Questioning the Survey Responses of Large Language Models
Ricardo Dominguez-Olmedo, Moritz Hardt, Celestine Mendler-Dünner
TL;DR
This paper questions the validity of using multiple-choice surveys to infer demographic or value alignment for large language models by linking model prompt distributions to human census data. It introduces randomized choice ordering to separate labeling biases from genuine preferences, and analyzes 43 models across 25 ACS questions using entropy and KL divergence relative to census distributions. The key finding is that, even after adjustment, LLM responses remain near uniformly distributed and poorly resemble human populations, with alignment largely driven by the entropy of subgroups rather than model data or size. This casts doubt on survey-based alignment metrics and suggests the need for new evaluation approaches beyond traditional census-inspired prompts, even when tested across additional surveys like ATP and GAS/WVS.
Abstract
Surveys have recently gained popularity as a tool to study large language models. By comparing survey responses of models to those of human reference populations, researchers aim to infer the demographics, political opinions, or values best represented by current language models. In this work, we critically examine this methodology on the basis of the well-established American Community Survey by the U.S. Census Bureau. Evaluating 43 different language models using de-facto standard prompting methodologies, we establish two dominant patterns.
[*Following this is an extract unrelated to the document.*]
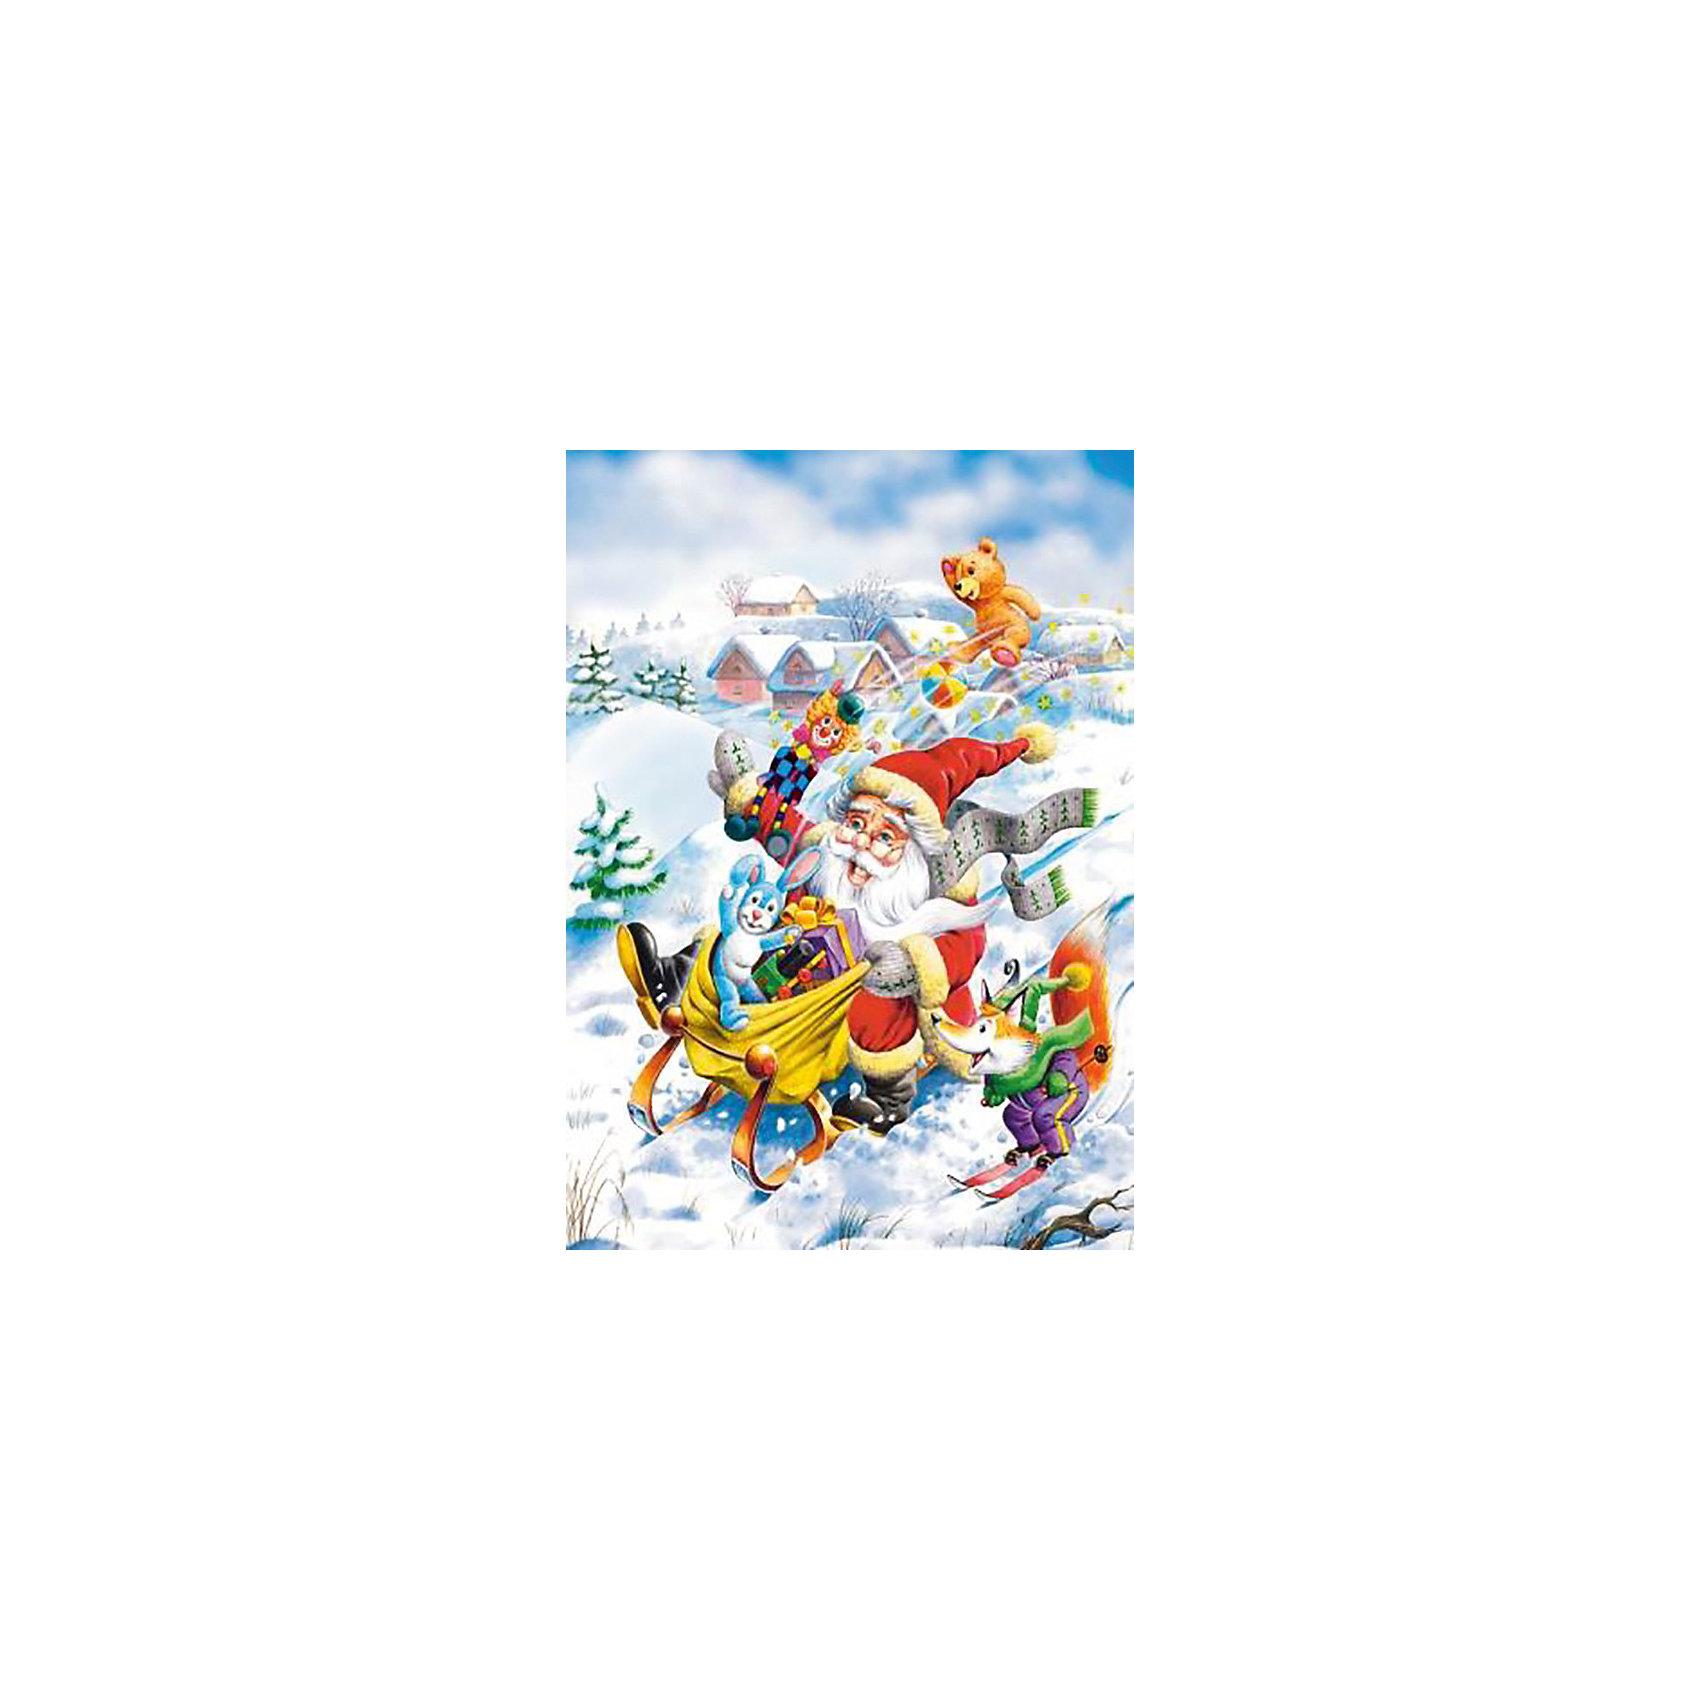 Пазл Поездка Санты, 120 деталей, CastorlandКлассические пазлы<br>Добродушный Санта Клаус мчится на санях с кучей подарков. Соберите  пазл «Поездка Санты»  Castorland (Касторленд) и узнайте, что именно собрался подарить Санта малышам. Гладкие глянцевые детали уникальной формы (более мелкие по сравнению с обычными) изготовлены из плотного картона и точно нарезаны, поэтому стыкуются без проблем. Яркая цветовая гамма и красивый рисунок с интересным сюжетом порадуют Вас и Вашего малыша и принесут  массу положительных эмоций!<br><br>Дополнительная информация:<br><br>- Прекрасный подарок на Новый Год;<br>- Уникальное качество деталей;<br>- Размеры упаковки 13 х 3,7 х 17,5 см;<br>- Размер картинки: 32 х 23 см;<br>- Вес: 150 г<br><br>Пазл «Поездка Санты», 120 деталей, Castorland (Касторленд)  можно купить в нашем интернет-магазине.<br><br>Ширина мм: 180<br>Глубина мм: 40<br>Высота мм: 130<br>Вес г: 150<br>Возраст от месяцев: 60<br>Возраст до месяцев: 120<br>Пол: Унисекс<br>Возраст: Детский<br>Количество деталей: 120<br>SKU: 3849132

First, models' responses are governed by ordering and labeling biases, for example, towards survey responses labeled with the letter "A". Second, when adjusting for these systematic biases through randomized answer ordering, models across the board trend towards uniformly random survey responses, irrespective of model size or pre-training data. As a result, in contrast to conjectures from prior work, survey-derived alignment measures often permit a simple explanation: models consistently appear to better represent subgroups whose aggregate statistics are closest to uniform for any survey under consideration.